Dziś chciałabym napisać o kosmetyku, który znamy i bardzo kochamy :-)  
Ba, ośmielam się nawet stwierdzić, że jest to najbardziej niezbędny kosmetyk w damskiej torebce. Ten kosmetyk to jeden z najbardziej charakterystycznych atrybutów kobiecości! 
Wiadomo - chodzi o szminki :-) 


 Ja w swoim długim (;-)) życiu miałam już pewnie setki szminek. Oczywiście nie wszystkie z nich udało mi się zużyć ;-) 
Zaczełam używać szminek w wieku około 17 lat. Na początku były to nie zawsze do końca trafione odcienie (no cóż, moda późnych lat 90-tych...). Ale ja sie nie poddałam, tylko szukałam, szukałam... Kierowałam się głównie kolorem, kupowałam drogie, tanie, matowe, perłowe, jasne, ciemne... 
Dziś, mając trzydziestkę na karku, moge z satysfakcją powiedzieć, że znalazłam szminki dla mnie idealne. A oto i one: 
1. Piewsza z nich to szminka z firmy Smashbox z serii Be Legendary Lipstick, w kolorze Posy Pink
 
Do jej zakupu zachęcił mnie jej kolor, bez żadnych drobinek, przecudny róż, czasem wpadający w koral, czasem wręcz w fuksję, w zależności od światła oraz od ilości nałożonych warstw. Na poniższej fotce mam nałożoną jedną cienką warstwę, efekt jest bardzo naturalny :-) 
Jednak nie tylko kolor tak przekonał mnie do tej szminki. Be Legendary Lipstick daje piękne satynowe wykończenie, ma cudowną kremową konsystencję, jest bardzo trwała, a także wyraźnie nawilża usta!

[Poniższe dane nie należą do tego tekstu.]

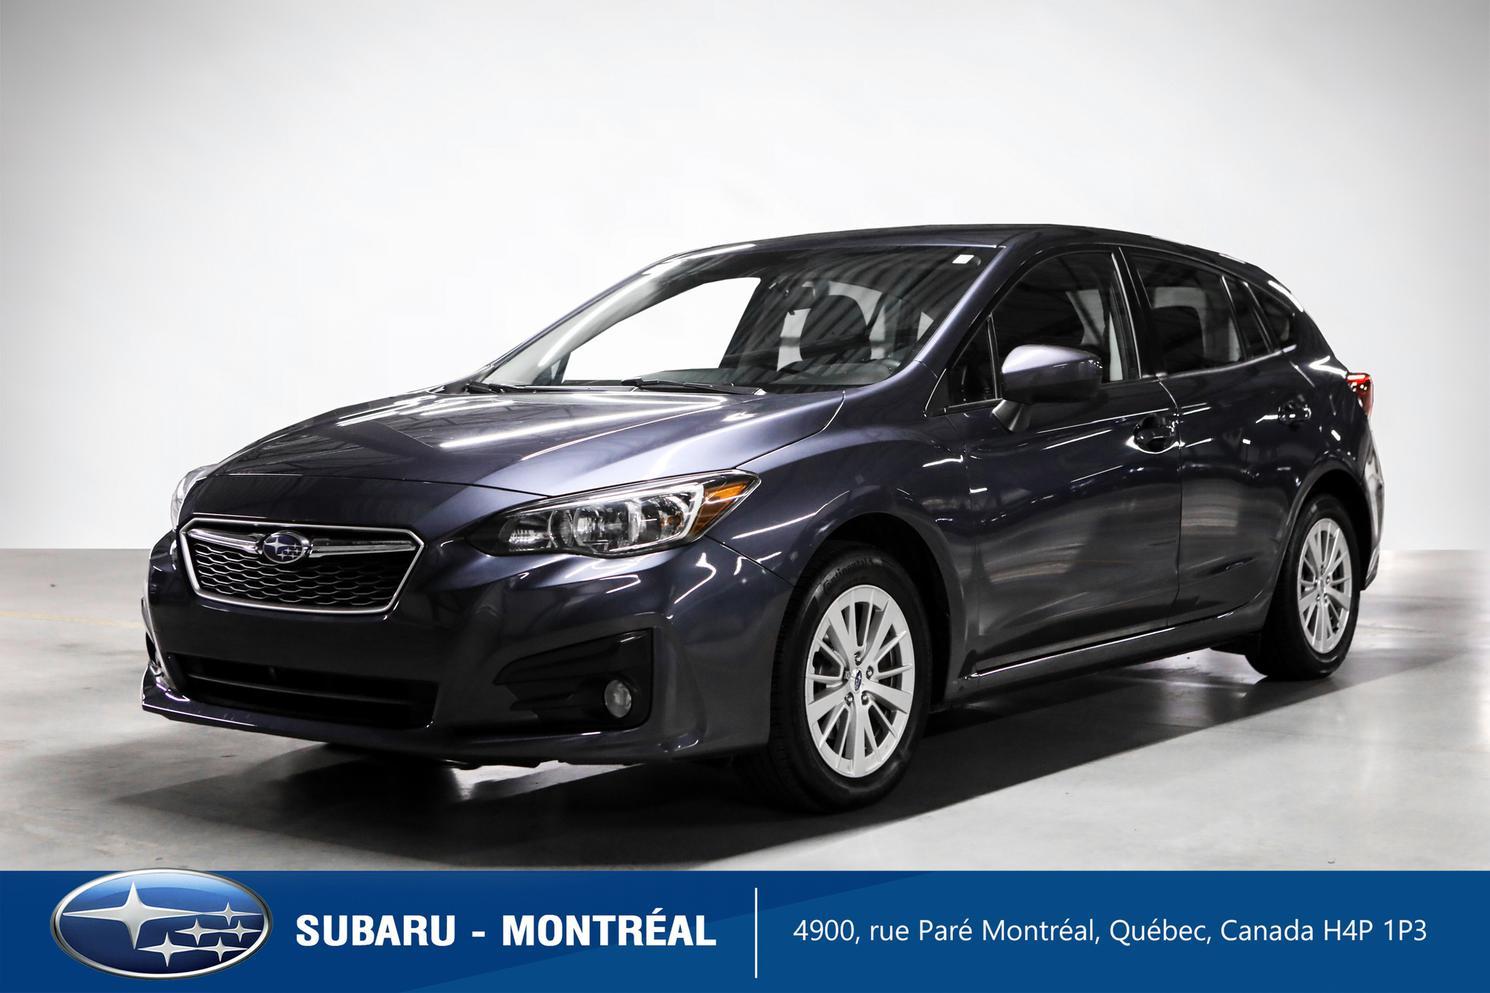 2017 Subaru Impreza Touring Hatchback

Ta szminka jeszcze nigdy nie przesuszyła mi ust, co wcześniej było zawsze moim problemem przy użyciu tak napigmentowanych i tak trwałych szminek. 
Be Legendary Lipstick zawiera między innymi witaminy E i C, masło shea oraz inne składniki nawilżające. 
Jestem tak zachwycona tą szminką, że kupiłam sobie jeszcze jedną, o odcieniu Honey, takim brązowo-beżowym, również przecudnym :-) 
Moją pierwszą Be Legendary Lipstick kupiłam rok temu, mam jeszcze jej odrobinę, myślę że wystarczy mi jeszcze na dobry miesiąc albo dwa. Zapłaciłam za nią 18 Euro, a kolejne zapasowe opakowanie kupiłam w strefie bezcłowej za 16 Euro. 
2. Druga szminka, którą pokochalam, to szminka z Inglota
Pamiętam że jakieś 7 lat temu kupiłam sobie 2 szminki z tej firmy, ale nie byłam do końca zadowolona...
Jakieś 1,5 roku temu szukałam szminki w lekko koralowym odcieniu. I wlaśnie w salonie Inglota znalazłam odcień, który odrazu przypadł mi do gustu - kolor  
nr 146, wpadający w koral, bez drobinek. Nie robiłam sobie dużych nadziei, że będę z niej zadowolona, ale pomyślałam, że za 20 zł warto znowu spróbować. I rzeczywiście było warto!
Usta po jej nałożeniu wyglądają naprawdę promiennie! Szminka ta, podobnie jak ze Smashbox, nie wysusza ust, lecz je nawilża. Jest bardzo trwała, ma kremową konsystencję, właściwie jakościowo nie odbiega od Smashbox. Jestem z niej bardzo zadowolona, i jeszcze ta cena - 20 zł za takie cudeńko :-) 
A tu jeszcze wszystkie moje kolorki dla porównania:  
1. Smashbox Be Legendary Lipstick w kolorze Posy Pink
2.  Smashbox Be Legendary Lipstick w kolorzeHoney
3. Inglot w kolorze 146
 


Dla zainteresowanych warto wspomnieć, że zarówno Smashbox jak i Inglot nie posiadają w swoim składzie parabenów. 
Obydwie zamknięte są w eleganckich czarnych opakowaniach. 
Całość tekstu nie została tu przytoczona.